____ Given information

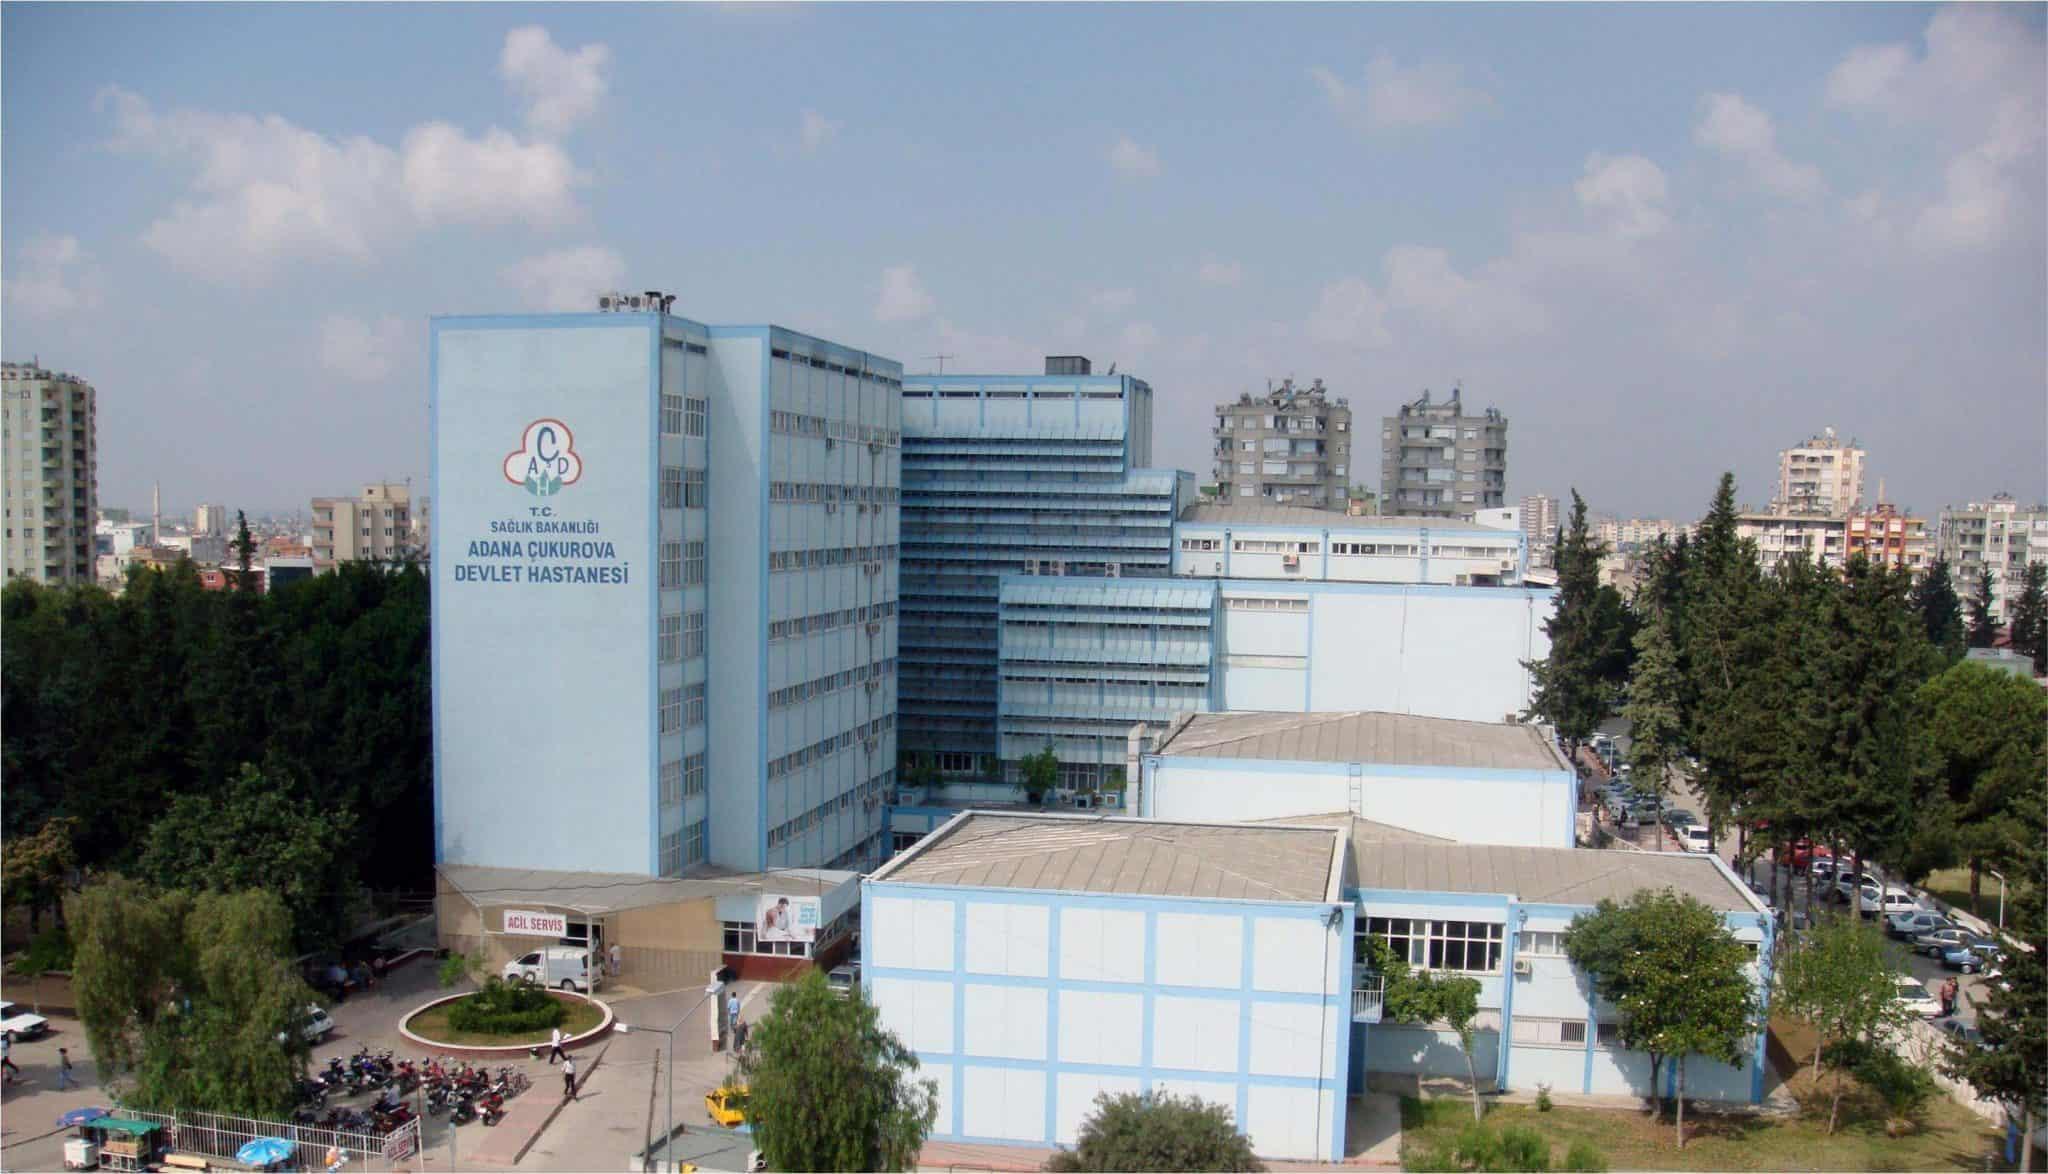 Dr. Aşkım Tüfekçi Devlet Hastanesi
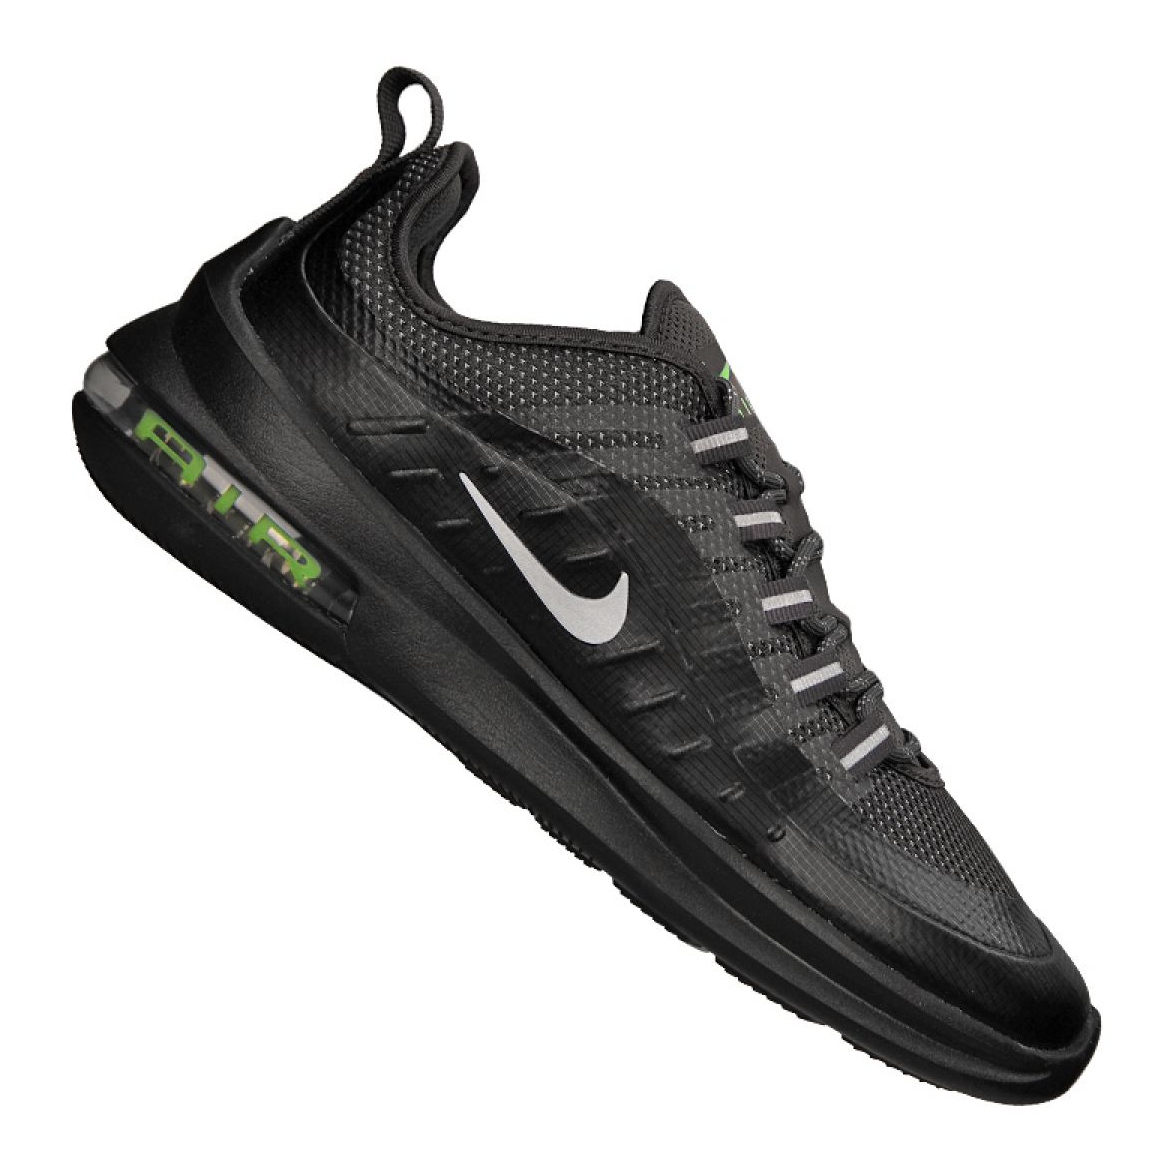 Sapatilhas Nike Air Max Axis Premium M AA2148 009 preto
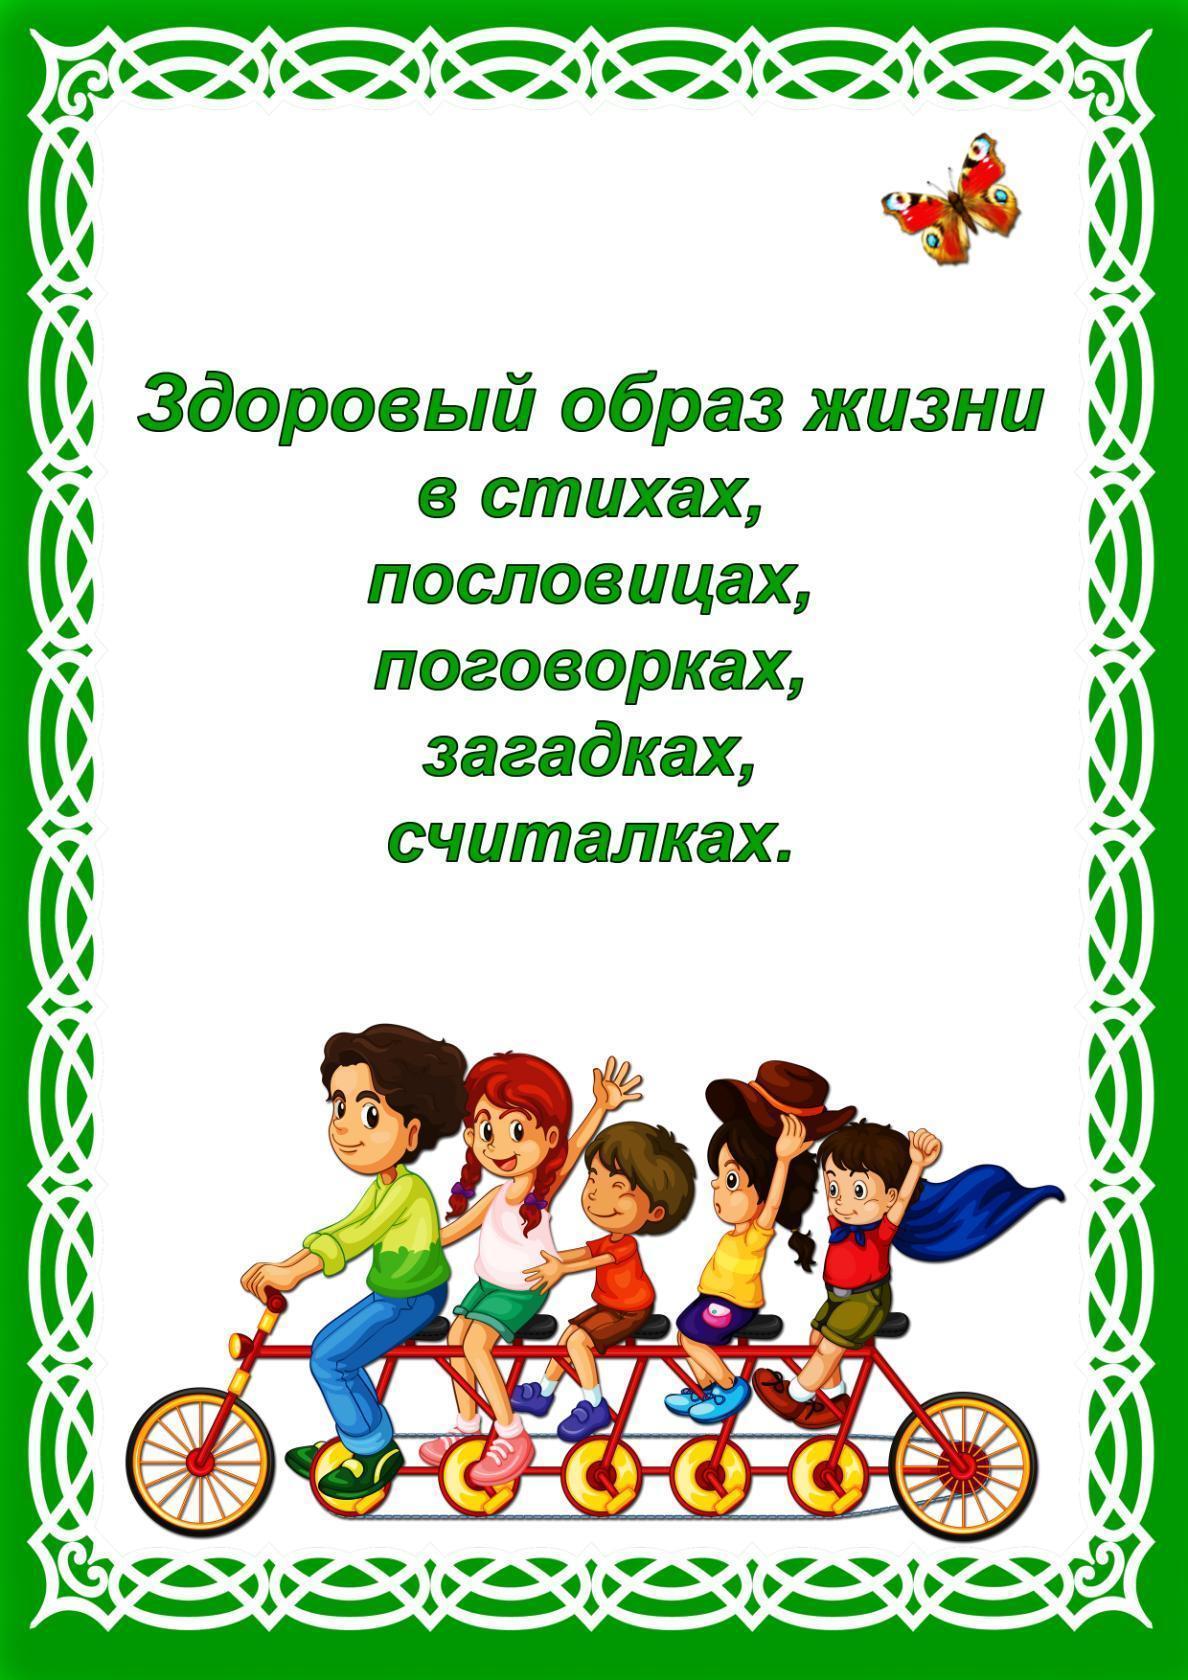 Стихи на тему здоровый образ жизни для детей дошкольного возраста
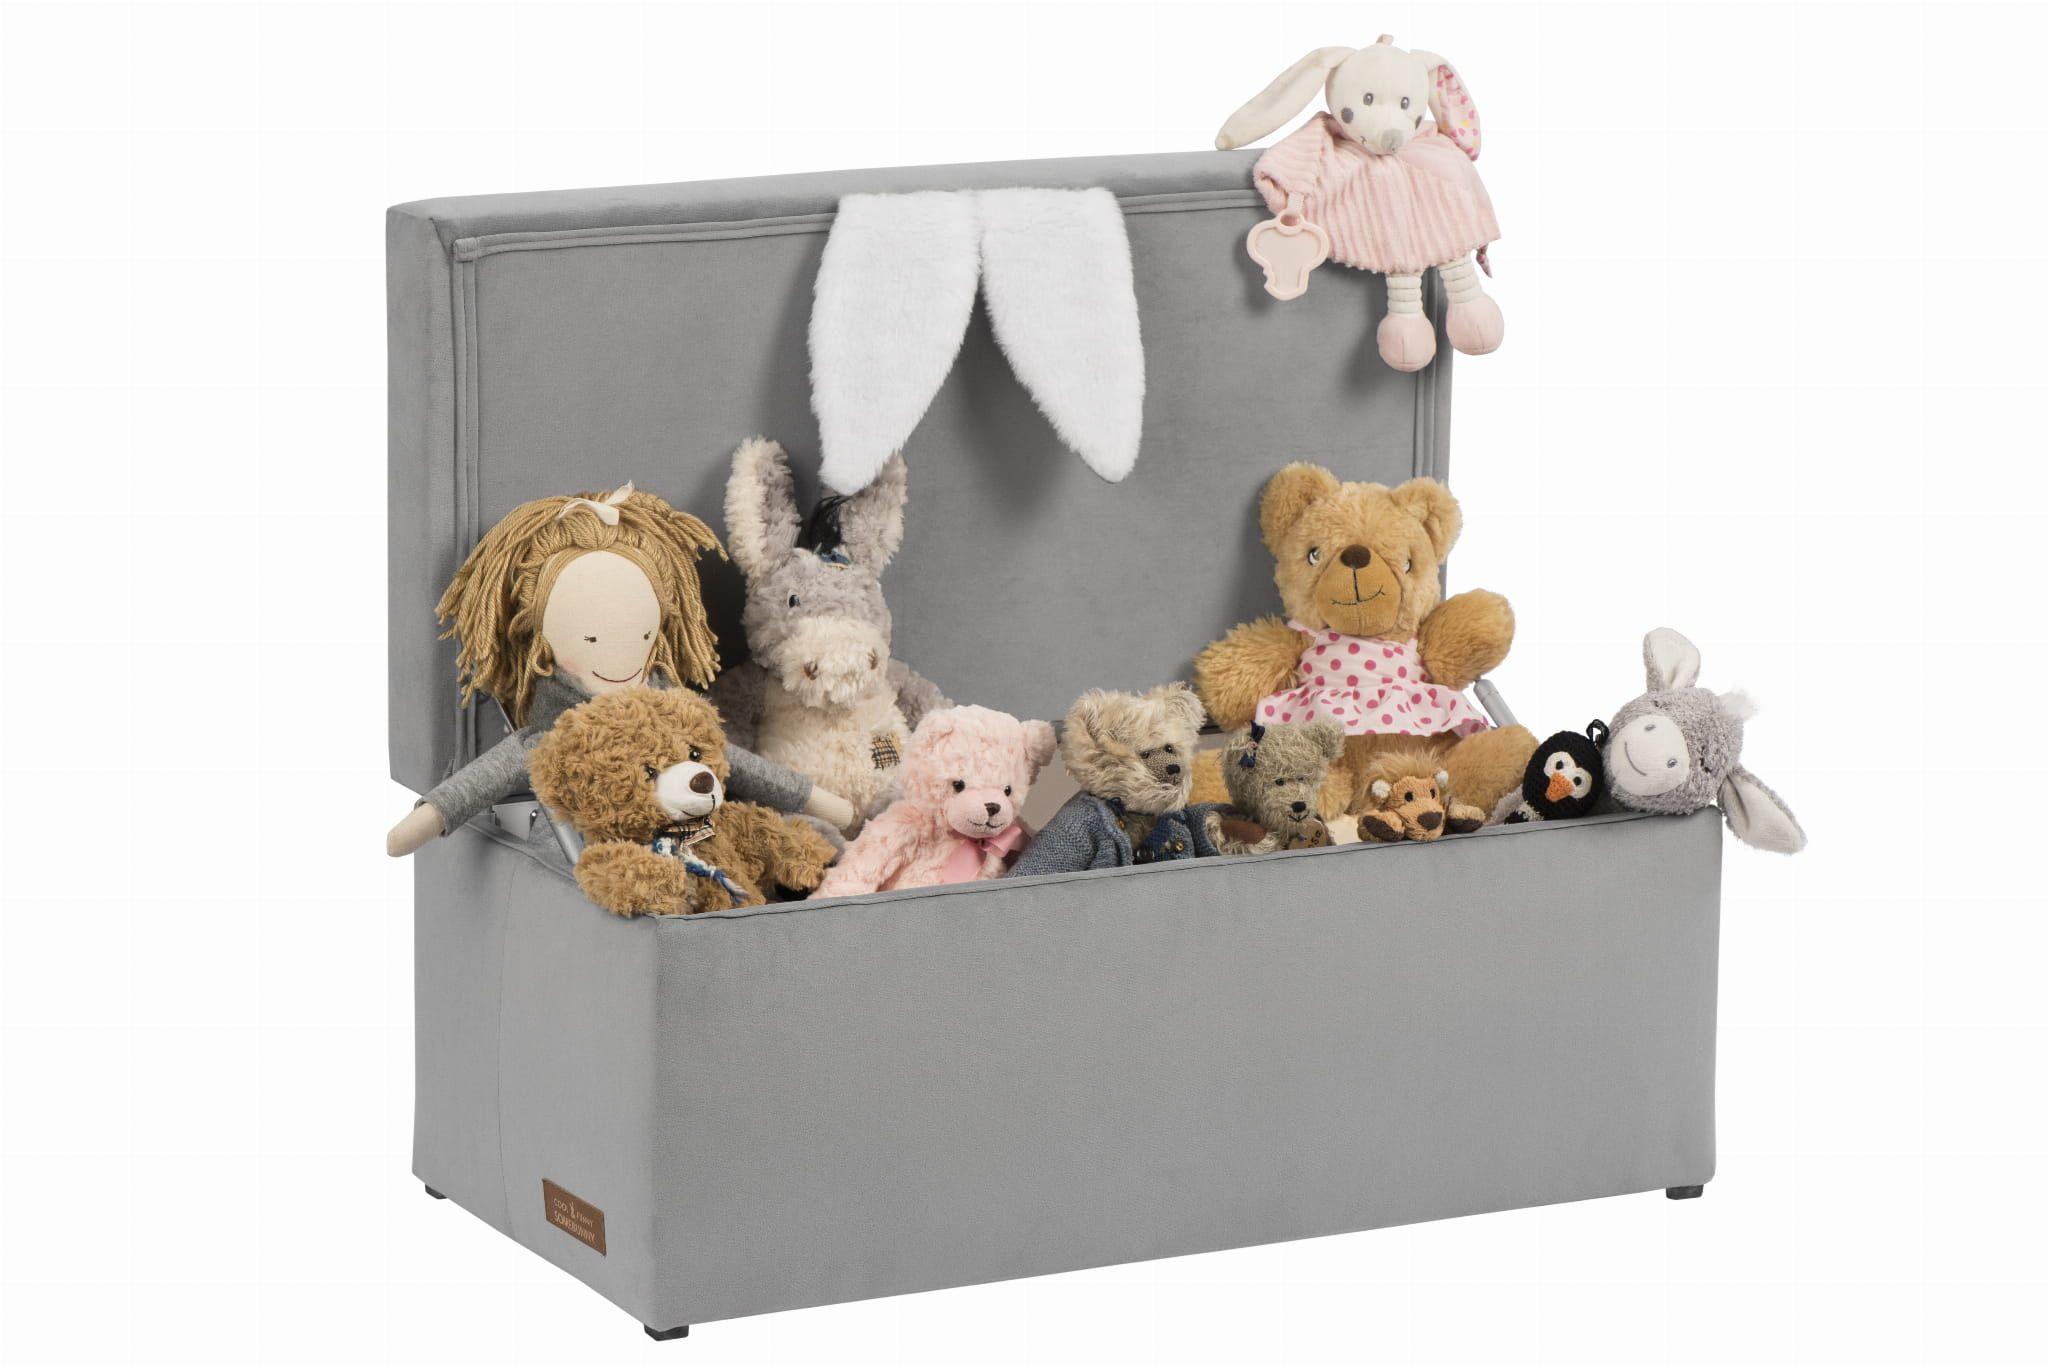 Skrzynia Na Zabawki Uszak Decor Home Decor Toy Chest

________

--- Exercise ---
Would you restate word for word each line from the one that holds "Стихи на тему" to the end of the material, both ends included, without the pictures?

--- Written solution ---
 Стихи на тему здоровый образ жизни для детей дошкольного возраста
 Skrzynia Na Zabawki Uszak Decor Home Decor Toy Chest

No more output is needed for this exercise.